Exercise directions:
Return, exactly and in full, the lines of the records below starting at the one with "politia romana alerta lovire copii" and ending at the one with "Dama Sushi &", and no other lines.

Task data:
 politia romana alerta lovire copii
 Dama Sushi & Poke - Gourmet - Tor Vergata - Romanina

* * *

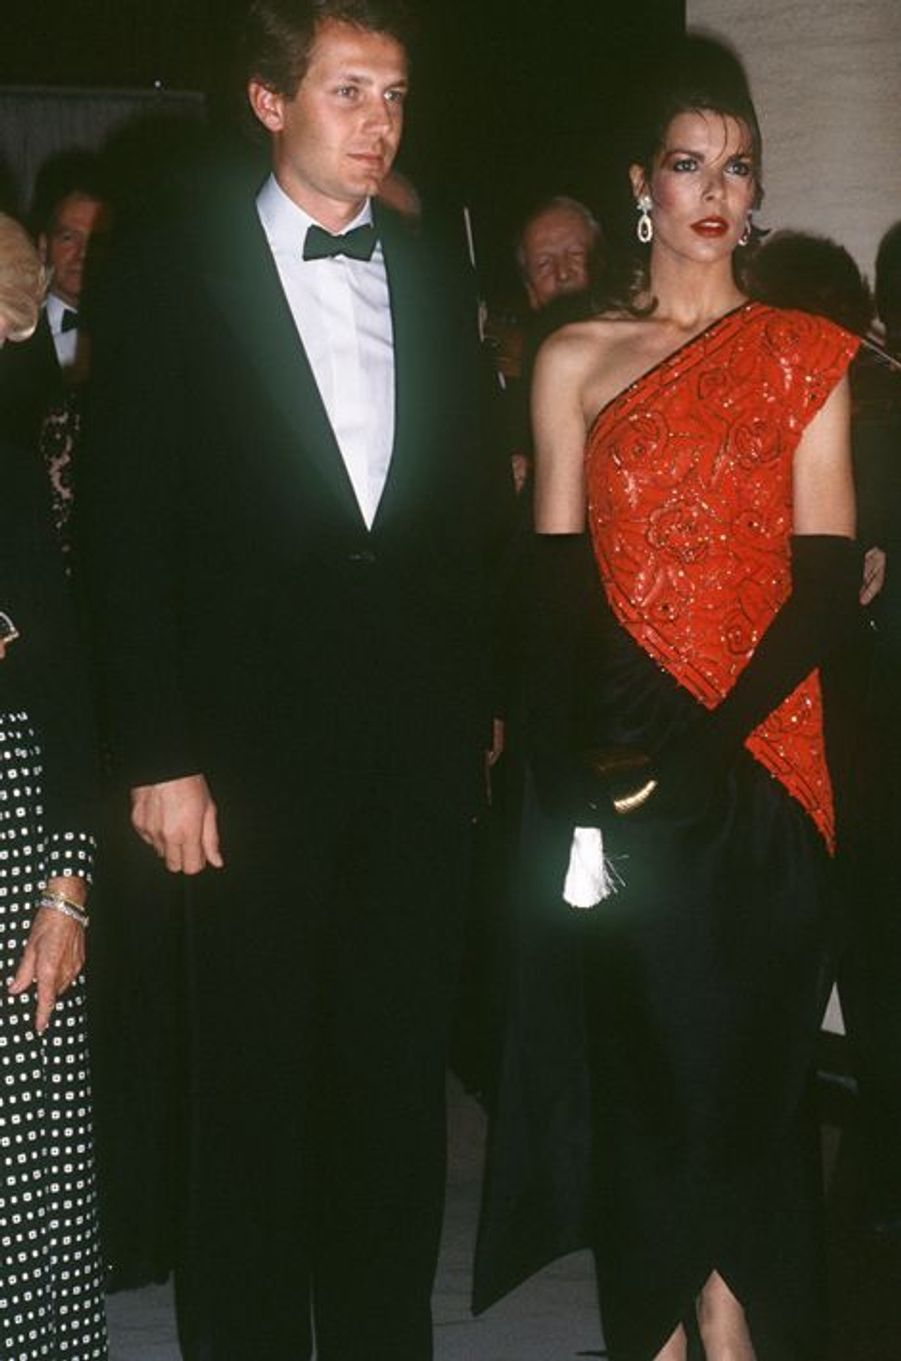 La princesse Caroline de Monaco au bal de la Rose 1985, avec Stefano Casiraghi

Answer section:
 politia romana alerta lovire copii
 Dama Sushi & Poke - Gourmet - Tor Vergata - Romanina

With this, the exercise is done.